Look for the 25$ heated soldier pump.

Remove the pump. Add a fish tank air pump on a separate footswitch & voila. I run mine at 240v with a little step up transformer, the extra heat removes the need for a heated soldier table.

For a heated SMD soldier table, get a 10$ mini 1 stove top cooker & a 1 rectangular near all flat frying pan.

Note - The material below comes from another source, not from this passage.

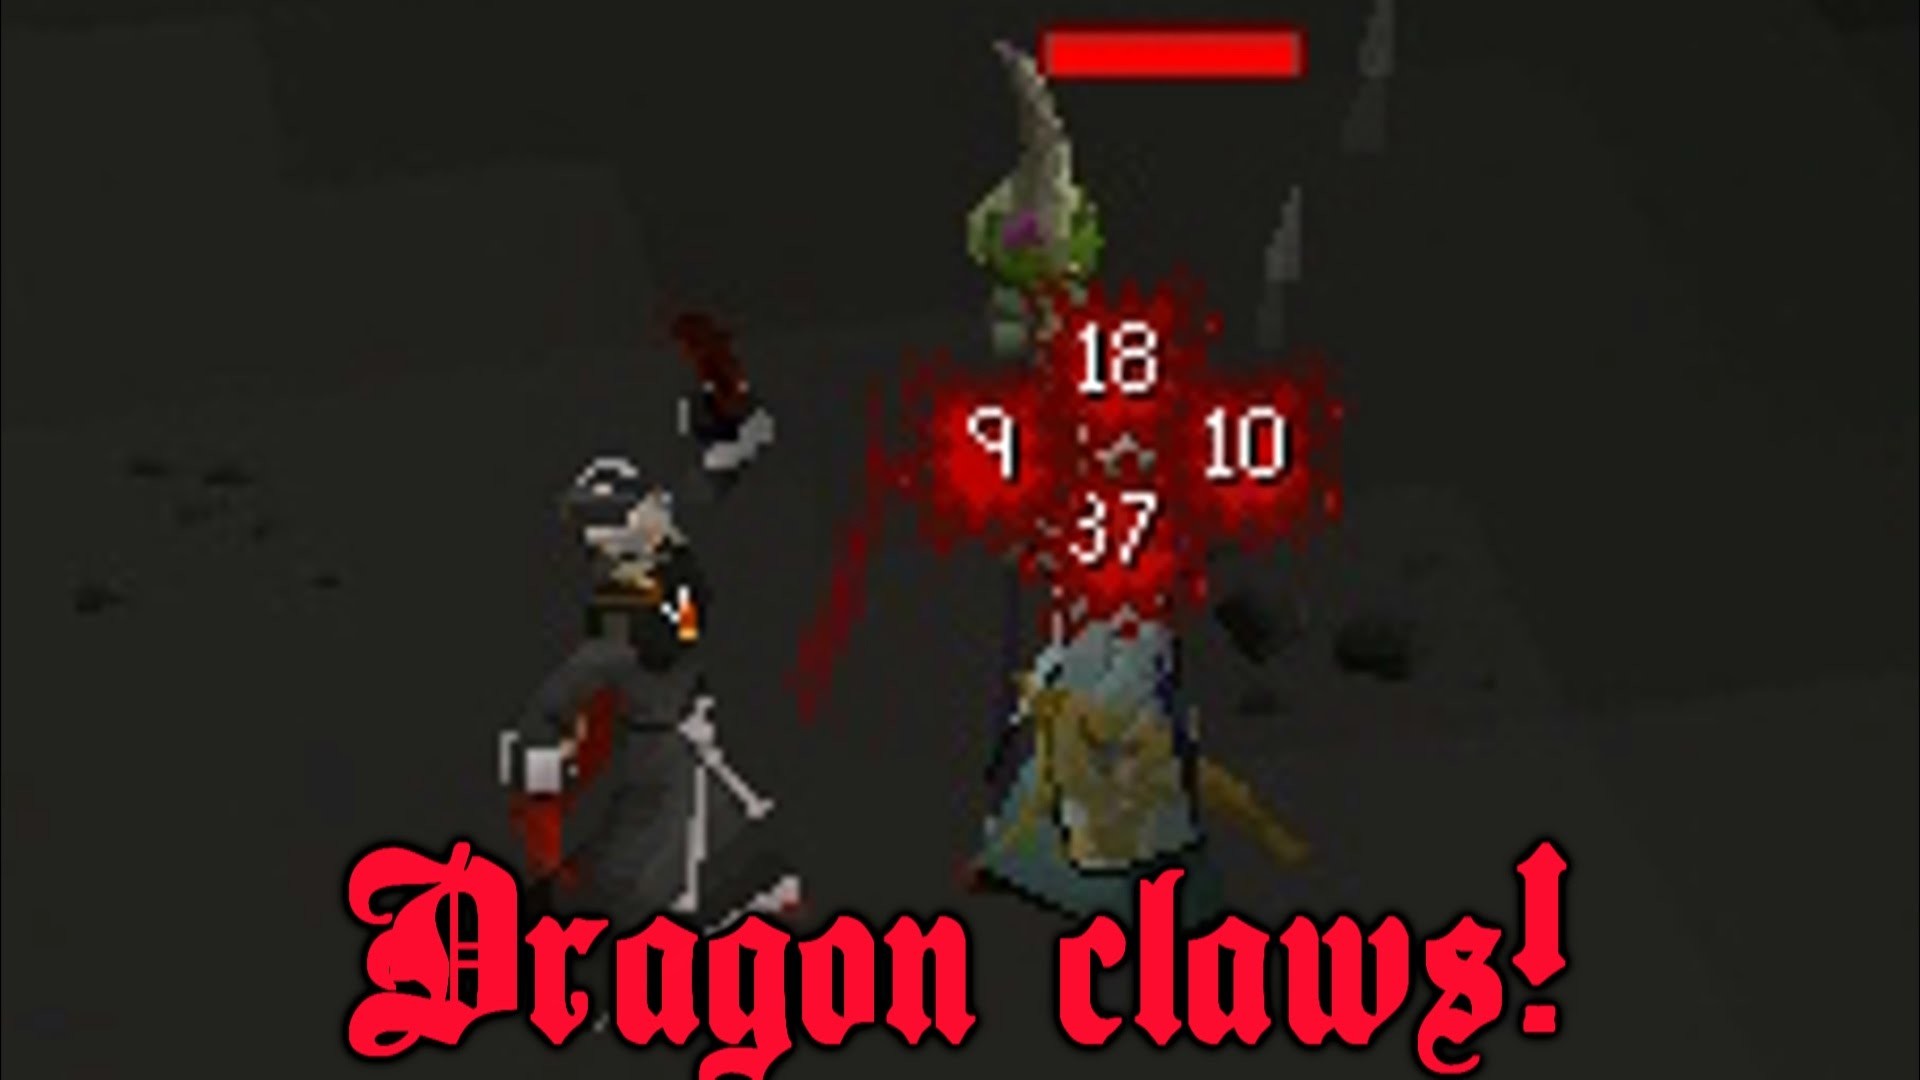 1920x1080 DRAGON CLAWS RUSHING PKING OLDSCHOOL RUNESCAPE PK (OSRS 2007) - YouTube
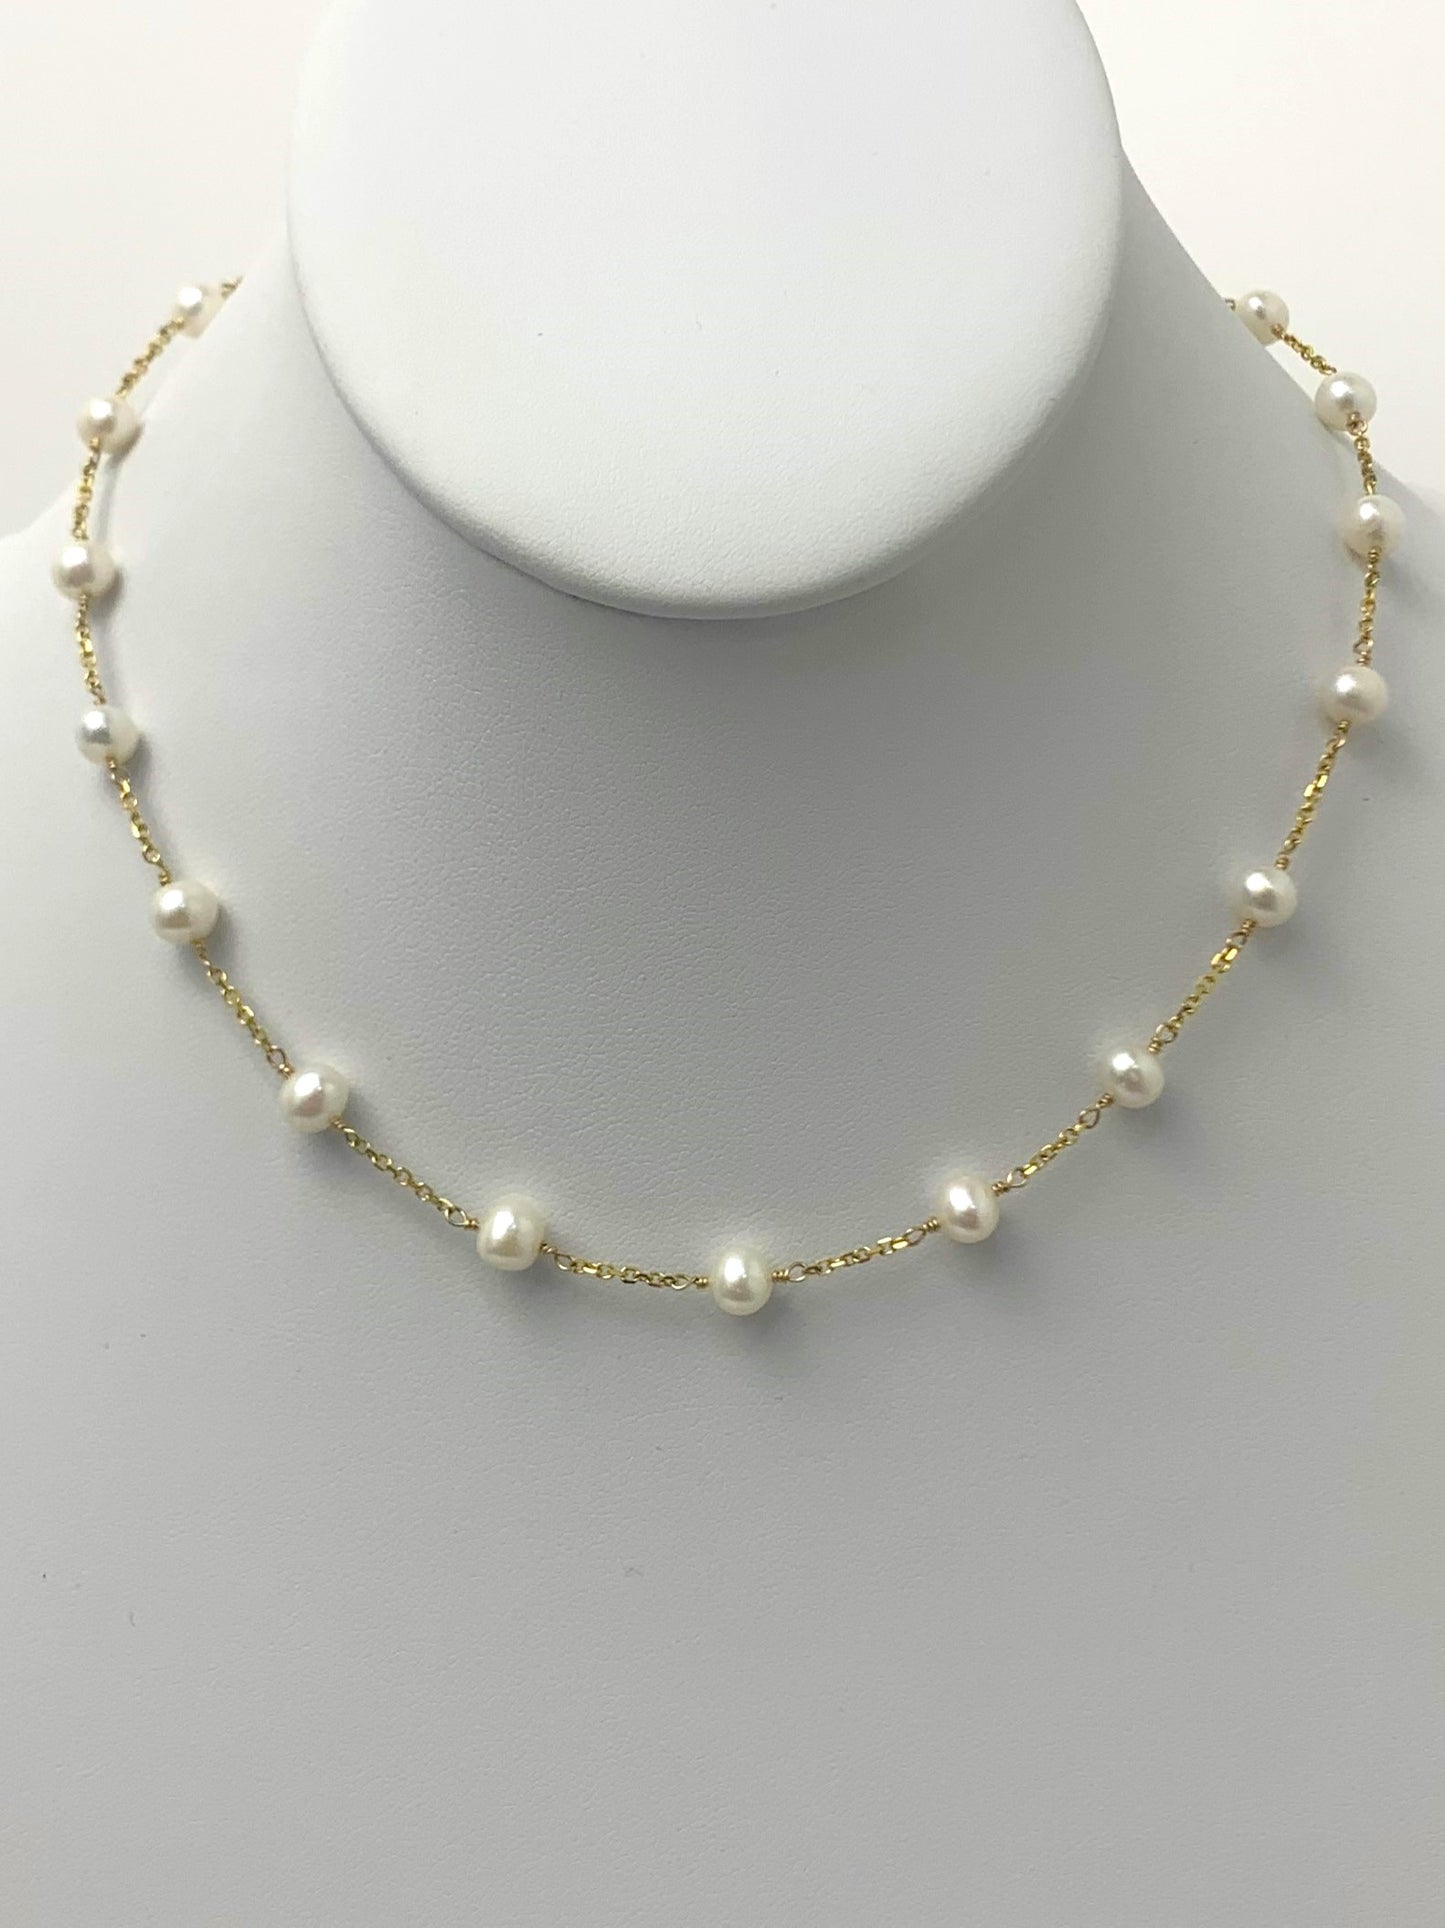 16" White Pearl Station Necklace in 14KY - NCK-039-TNCPR14Y-WH-16

These are other extra cheap DIY methods.
 
Re: THanx

Coolin said:
for a novice it helps.

This is exactly for whom the document was written. Novice engineers / experimenters who never worked with SMD before may not realize some of these simple steps which make good flat SMD work with a normal iron possible. Or, that the purchases items on page 1 would last for a few thousand 2-3 pin components. Over 500 8 pin, or 14 pin SMD ICs.
 
I've never used multiple irons to remove a two "lead" device. I always use the method of building up a little extra solder on one side, then quickly switching the iron to the opposite side and "pushing" the component off the pad. Works like a charm. I've never ruined a component this way, even ceramic caps.
 
tiroth said:
I've never used multiple irons to remove a two "lead" device. I always use the method of building up a little extra solder on one side, then quickly switching the iron to the opposite side and "pushing" the component off the pad. Works like a charm. I've never ruined a component this way, even ceramic caps.


This is usually what I do too, but if you have 10 or more to change, having that 5$ second iron & using the 2 like a heated tweeser to pick off all the resistors is really less messy & the removed resistors are really clean for future use.